→ **EXERCISE PROMPT**:
Across the whole listing, filter for the string "world" and copy every line that has it.

[Opening AVAILABLE DATA section]

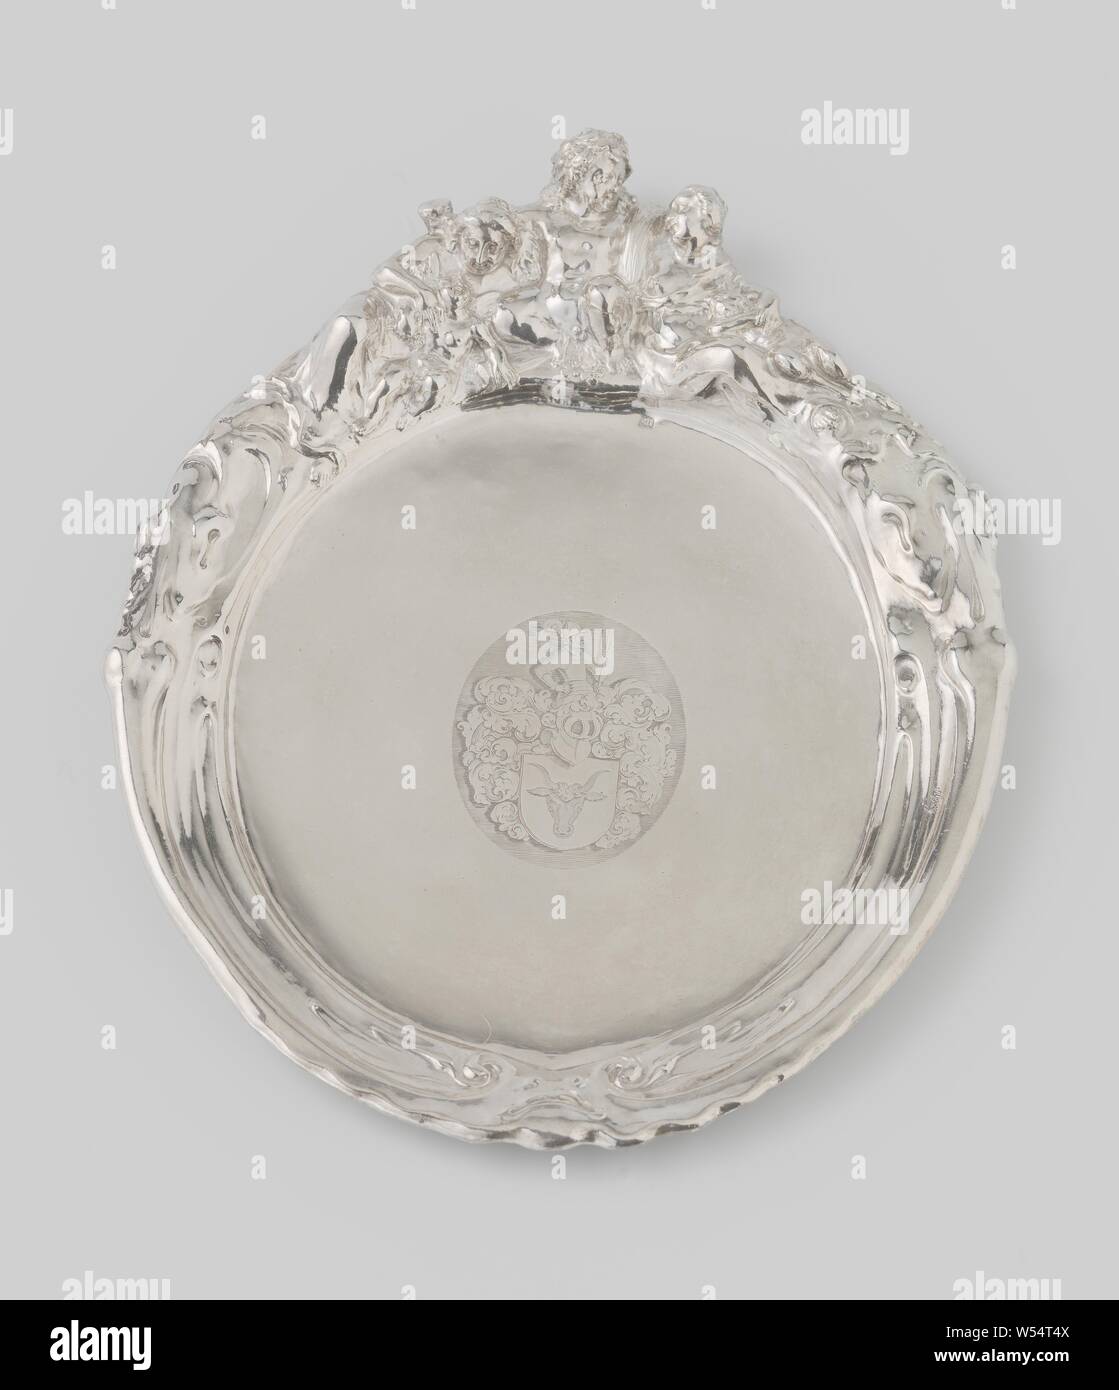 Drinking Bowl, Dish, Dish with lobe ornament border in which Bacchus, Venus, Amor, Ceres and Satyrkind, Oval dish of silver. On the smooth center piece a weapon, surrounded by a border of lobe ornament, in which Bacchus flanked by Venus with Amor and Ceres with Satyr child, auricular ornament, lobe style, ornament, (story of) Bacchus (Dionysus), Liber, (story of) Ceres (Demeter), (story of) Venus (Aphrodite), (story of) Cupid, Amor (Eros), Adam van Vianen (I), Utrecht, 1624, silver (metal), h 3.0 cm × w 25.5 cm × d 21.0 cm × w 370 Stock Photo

[Closing AVAILABLE DATA section]
[Opening AVAILABLE DATA section]

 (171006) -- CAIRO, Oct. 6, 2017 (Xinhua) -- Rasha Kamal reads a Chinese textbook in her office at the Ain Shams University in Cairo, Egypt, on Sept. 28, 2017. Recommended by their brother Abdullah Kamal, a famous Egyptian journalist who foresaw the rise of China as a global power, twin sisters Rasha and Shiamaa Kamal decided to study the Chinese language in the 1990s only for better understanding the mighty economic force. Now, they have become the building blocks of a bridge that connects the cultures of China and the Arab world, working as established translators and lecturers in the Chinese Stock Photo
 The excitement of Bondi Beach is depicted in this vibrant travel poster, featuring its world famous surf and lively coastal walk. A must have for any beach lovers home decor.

[Closing AVAILABLE DATA section]
[Opening AVAILABLE DATA section]

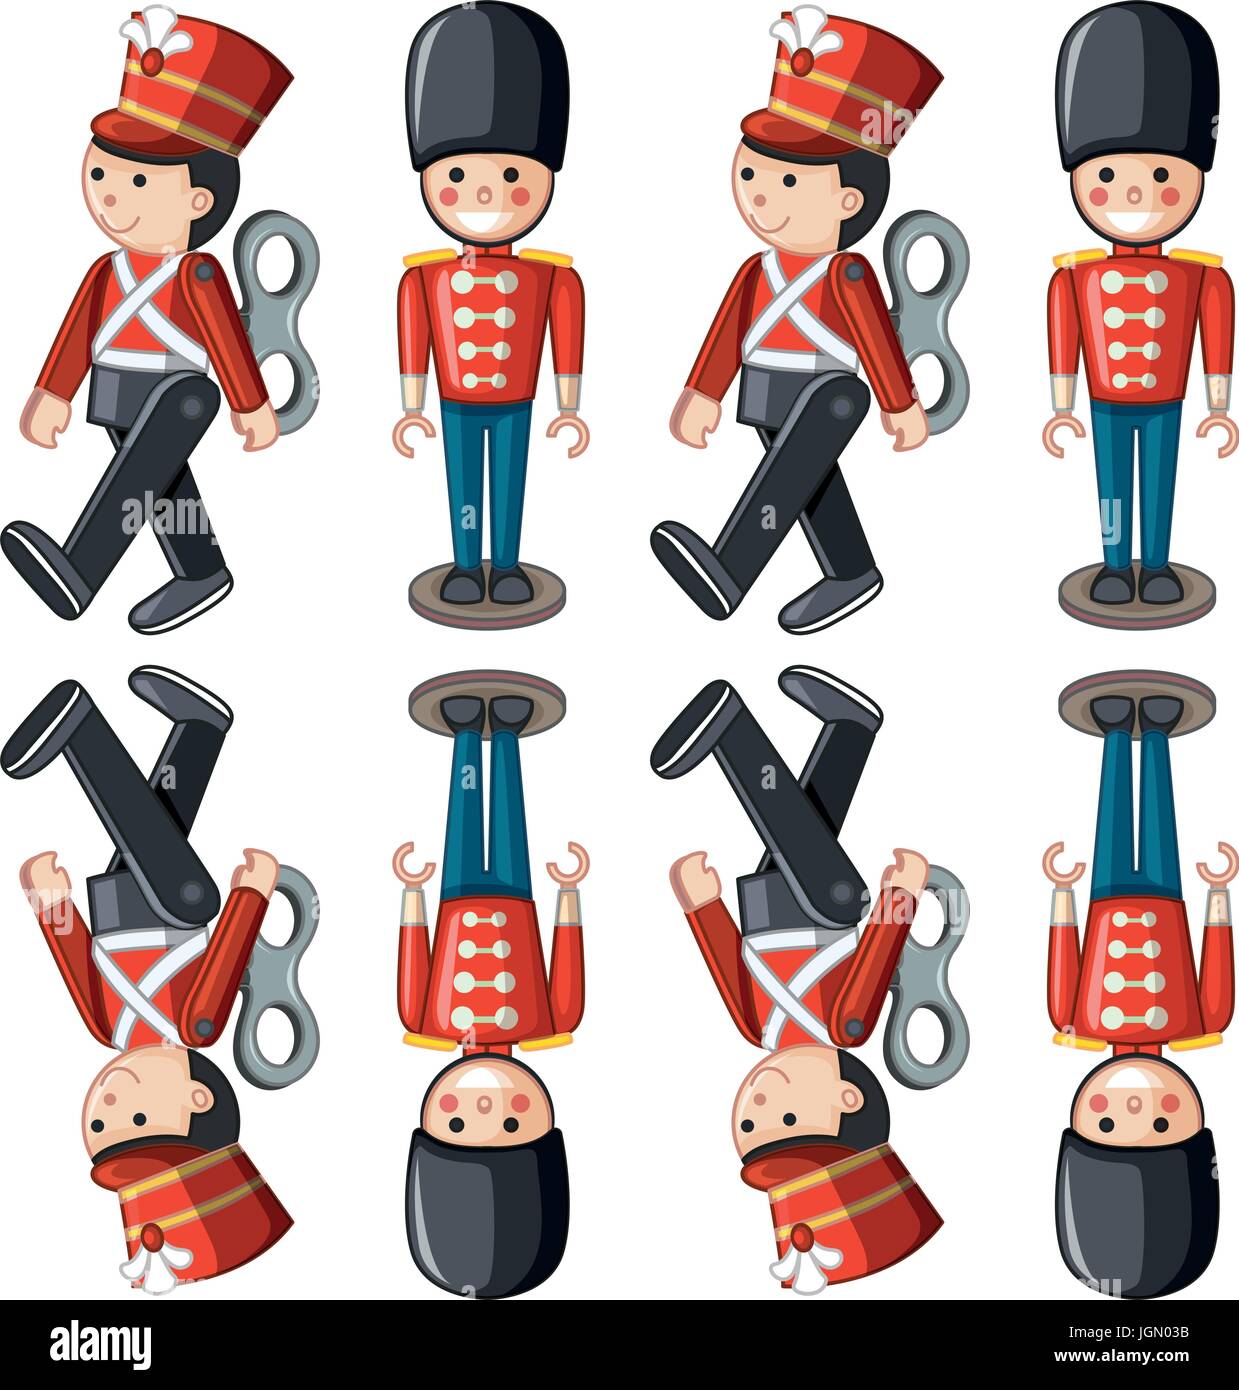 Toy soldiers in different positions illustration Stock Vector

[Closing AVAILABLE DATA section]

→ **EXERCISE ANSWER**:
 (171006) -- CAIRO, Oct. 6, 2017 (Xinhua) -- Rasha Kamal reads a Chinese textbook in her office at the Ain Shams University in Cairo, Egypt, on Sept. 28, 2017. Recommended by their brother Abdullah Kamal, a famous Egyptian journalist who foresaw the rise of China as a global power, twin sisters Rasha and Shiamaa Kamal decided to study the Chinese language in the 1990s only for better understanding the mighty economic force. Now, they have become the building blocks of a bridge that connects the cultures of China and the Arab world, working as established translators and lecturers in the Chinese Stock Photo
 The excitement of Bondi Beach is depicted in this vibrant travel poster, featuring its world famous surf and lively coastal walk. A must have for any beach lovers home decor.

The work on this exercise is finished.